Желая загладить неприятное впечатление, произведенное на меня встречей с «ветеранами», Забелин пригласил меня посетить их музей. (Отец знал Забелина, да и я помнила визит к нему вскоре после нашего приезда в Америку.) В музее хранилось редкое собрание военных форм, наград и предметов, принадлежавших членам общества. Увидев в одном из стеклянных ящиков кортик контр-адмирала Клавдия Валентиновича Шевелева, я вскрикнула: «Дедушка О-хо-хо!» Забелин пришел в недоумение, и я рассказала ему о происхождении этого смешного прозвища: Шевелев сам его придумал и любил выкрикивать в присутствии детей, надувая щеки и маша локтями, как петух крыльями. Во время одного из наших визитов он, чтобы нас развлечь, торжественно вынес тот самый кортик, которым, как он объявил, «рубил врага».

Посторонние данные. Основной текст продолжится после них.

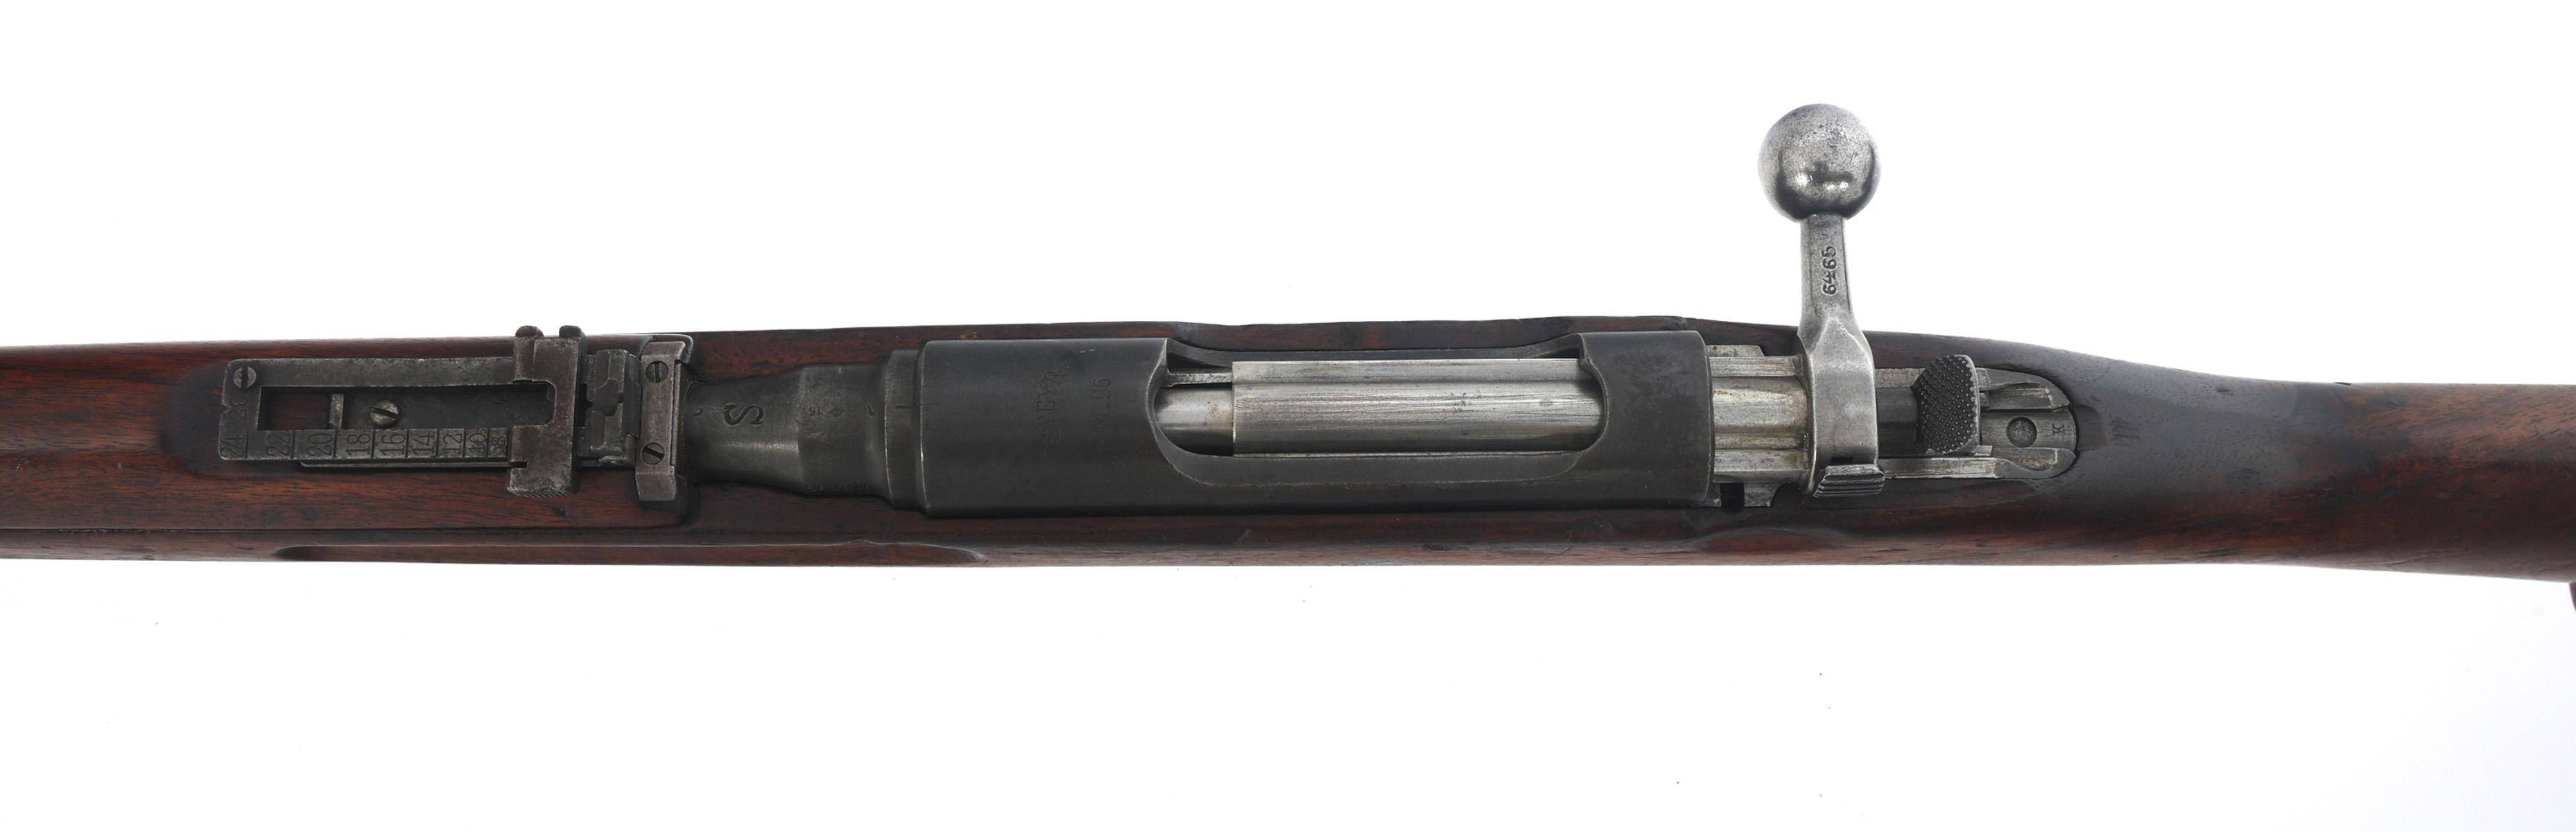 GERMAN STEYR MODEL 1895/30 8x56mmR CALIBER RIFLE

Мне захотелось посмотреть библиотеку. Забелин провел меня туда, но, в отличие от музея, она была в беспорядке; номера редких журналов вроде «Иллюстрированной России» просто валялись на полу, так что переезд этой ценной библиотеки в Дом русского зарубежья ее спас – к тому же теперь она находится там, где ею будут пользоваться.
Забелин расспрашивал меня об общих знакомых, особенно из числа преподавателей монтерейской Военной языковой школы. Спросил он и о Н. В. Моравском, с которым давно потерял связь. Я рассказала ему, что в середине 1960-х годов Никита Валерьянович был американским культурным атташе в Москве. Реакция Забелина поразила меня не меньше высказывания Ермакова о русских статистах в Голливуде. «Значит, Никита был масоном, – произнес Забелин. – Ведь в дипломатическом корпусе США членство в масонской ложе обязательно для всех высоких назначений». Я не сумела его разубедить. От его слов повеяло (жидо-)масонским заговором – а он-то пригласил меня, чтобы загладить faux pas Ермакова!
Прежде чем вернуться к Шевелеву, сделаю краткое отступление о Забелине, родившемся уже в Югославии и жившем в Белграде, как и Дедушка О-хо-хо. Летом 2010 года, когда я работала в белградском семейном архиве, я познакомилась с другом юности Забелина, Андреем Тарасьевым, сыном о. Виталия, известного белградского священника. Харизматичный, увлекающийся Андрей, легко находивший общий язык с собеседником, был непохож на своего приятеля; он рассказал мне о дружбе Забелина с жовиальным Никитой Ильичом Толстым (правнука Льва Николаевича и сына морского офицера и младоросса Ильи Ильича), московским филологом, о котором я много слышала от Виктора Марковича Живова. Оказалось, что Забелин, как и Тарасьев, ездил в Москву на семидесятилетие Толстого, с которым Забелин учился в русской гимназии в Белграде.
Меня заинтриговала дружба этих очень разных людей. Забелин, чопорный консерватор, убежденный монархист, веривший в масонский заговор, во время Второй мировой войны пошел в Русский корпус, созданный немцами для борьбы с партизанами Тито, потом оказался в Германии и оттуда эмигрировал в Америку. Толстой же пошел именно к партизанам, затем в Красную армию, а после войны вернулся в Советский Союз. По сталинскому приказу потомкам Льва Толстого, жившим за границей, гарантировались хорошие условия на родине. В Белграде Никита Ильич очень бедствовал и даже одно время работал сапожником, а в Советском Союзе сделал успешную карьеру.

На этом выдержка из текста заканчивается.